И что-то и голосе товарища тронуло Делакура до глубины души, он молча и с силой обнял Варлена за плечи.
— Ну, ладно! Только отдайте пока мне. Я верну их нам позже.
Они медленно брели, иногда спираясь друг на друга, оба почти без сил. Натыкались в темноте на трупы. Отдыхали, прислонившись к стенам домов и заборам.
Из окон попадавшихся на пути лавок и магазинов с уцелевшими витринами, со свеженапечатанных портретов на них грозно пялились глаза Галифе и Сиссе. Заняв квартал, «красные штаны» немедленно повсюду расклеивали изображения генералов, словно ставили печати победы. Правда, узнать знаменитых полководцев можно было только там, куда падал дрожащий свет догоравшего на холме ветряка.
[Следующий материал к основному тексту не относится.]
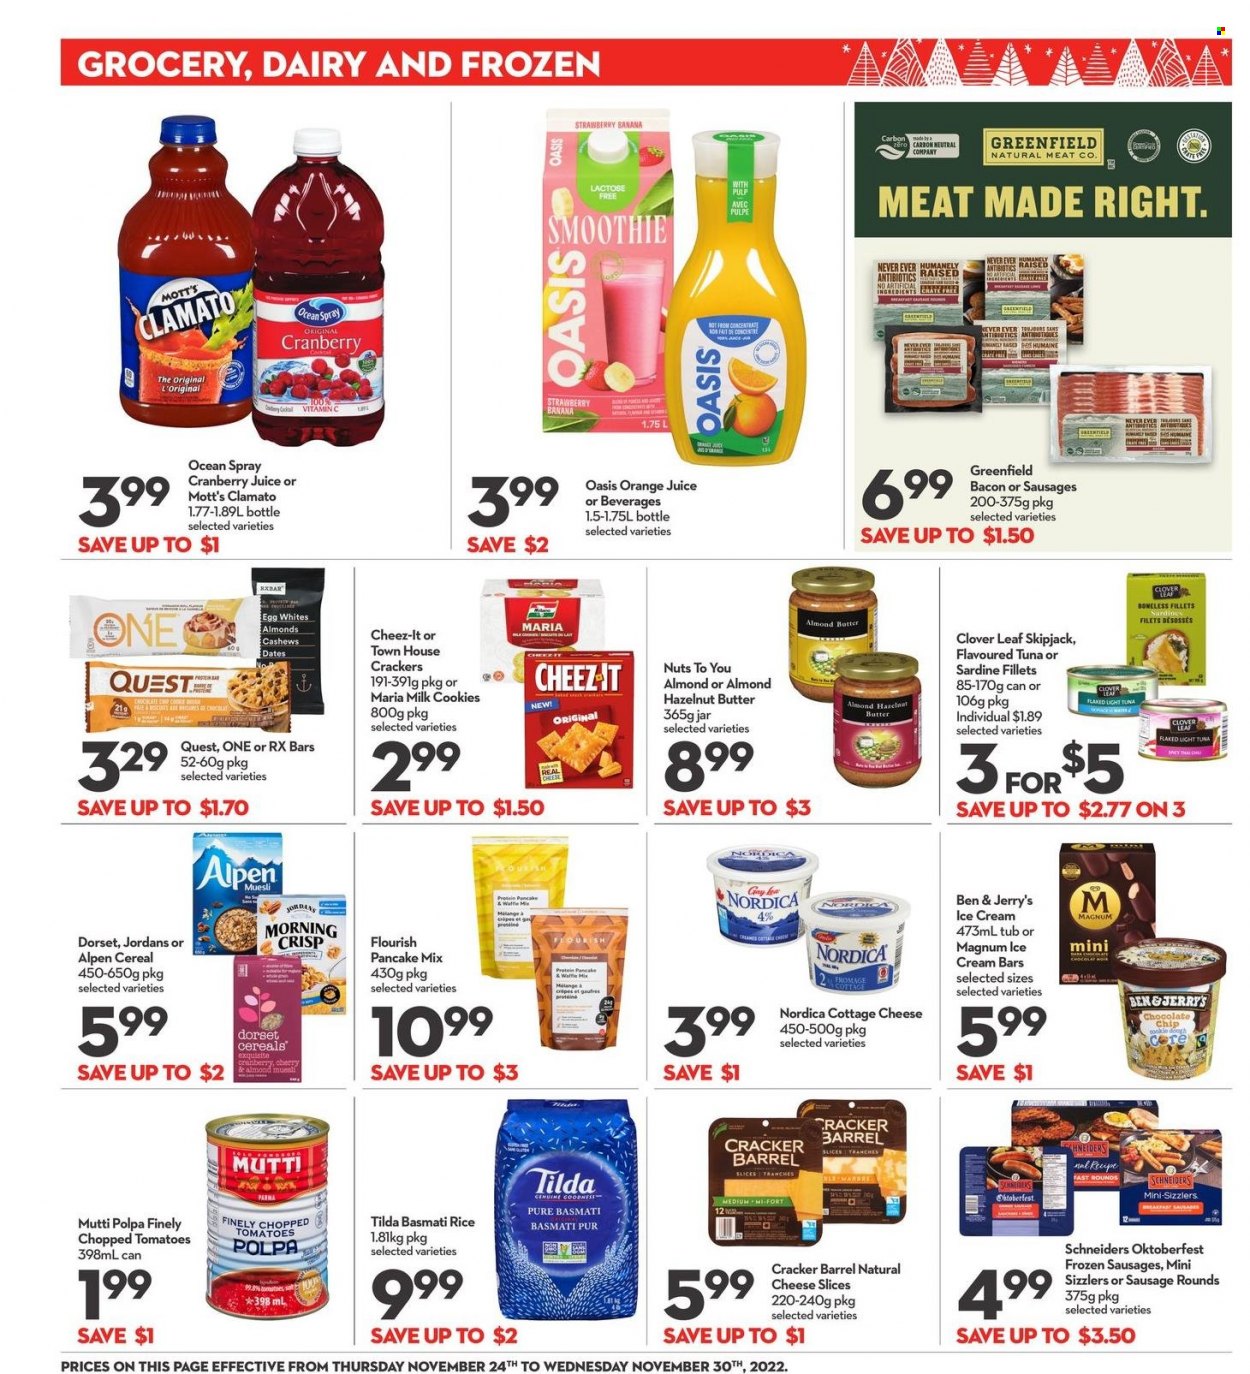 thumbnail - Longo's Flyer - November 24, 2022 - November 30, 2022 - Sales products - Ace, tomatoes, cherries, Mott's, tuna, pancakes, bacon, sausage, cottage cheese, sliced cheese, cheese, Clover, milk, eggs, almond butter, Magnum, ice cream bars, Ben & Jerry's, cookies, crackers, biscuit, Cheez-It, light tuna, chopped tomatoes, cereals, protein bar, muesli, basmati rice, rice, almonds, cashews, cranberry juice, orange juice, juice, Clamato, smoothie, vitamin c. Page 12.
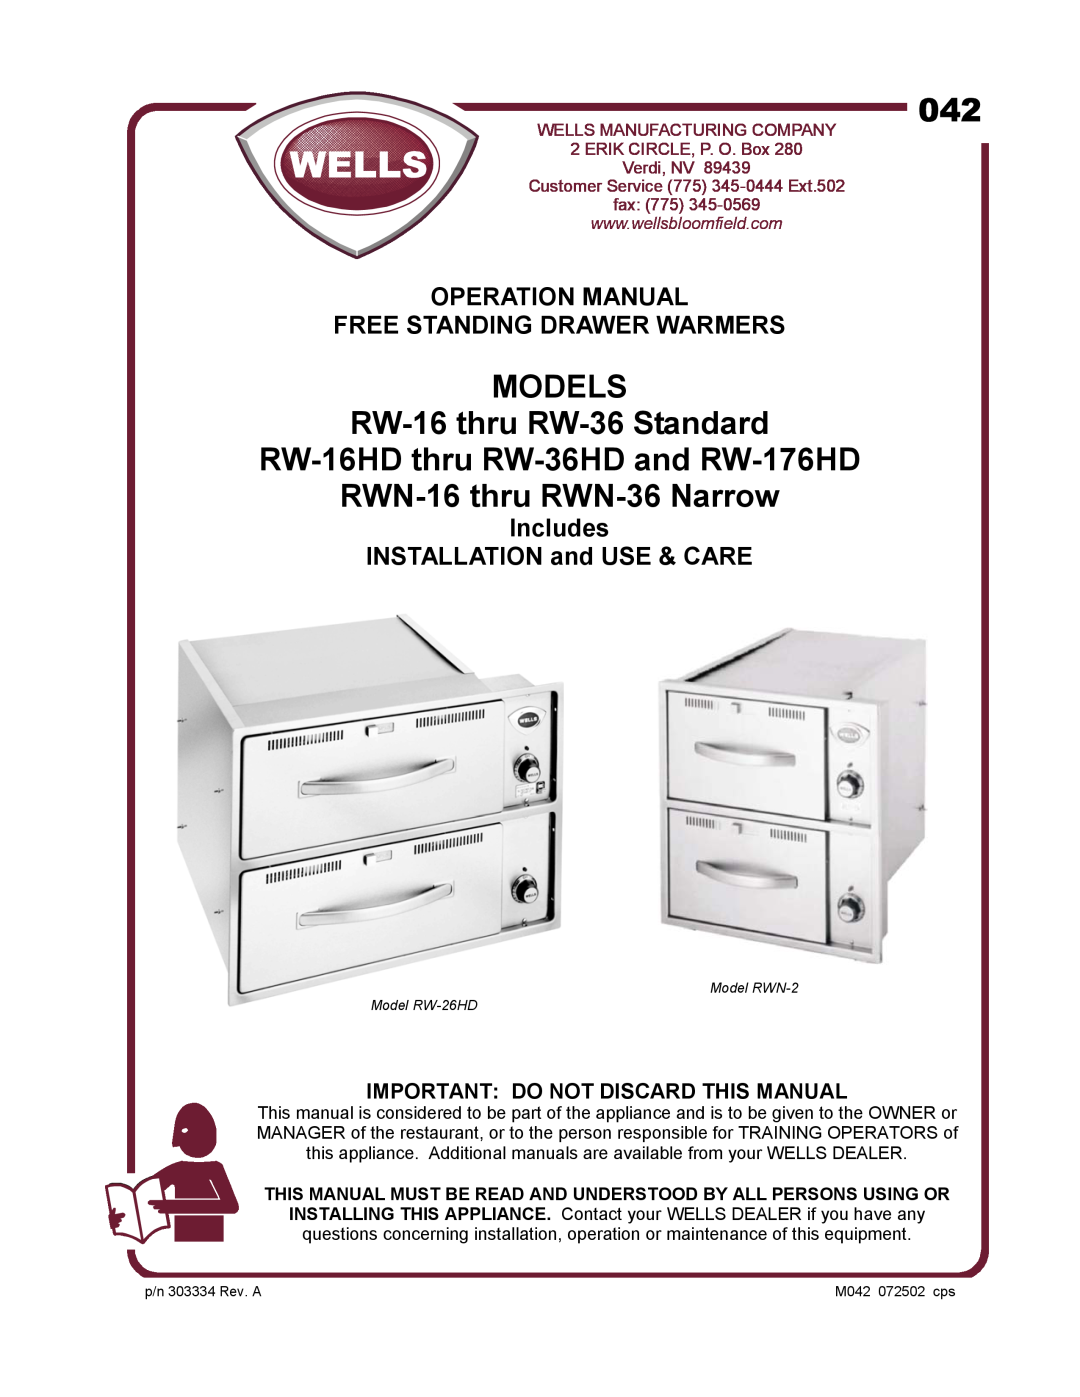 Wells RWN-2, RW-16 thru RW-36 operation manual Includes INSTALLATION and USE & CARE, Important Do Not Discard This Manual

Кое-где над улицей покачивались свешенные с балконов или прибитые над воротами трехцветные флаги. Даже здесь, в пролетарском Монмартре, оказывается, притаясь, кто-то ждал и жаждал поражения Коммуны. Хотя что ж удивительного: лавочников и буржуа, считавших себя обиженными Коммуной, везде немало. Свернув за угол, беглецы увидели невдалеке освещенные окна кафе. Оттуда доносились громкие голоса, лихая солдатская песня:
Варлен когда-то слышал эту песню, ее сочинил для бретонских мобилей, наемных убийц Империи, какой-то парижский забулдыга-поэт, изредка печатавший свои вирши в дешевых бульварных газетках.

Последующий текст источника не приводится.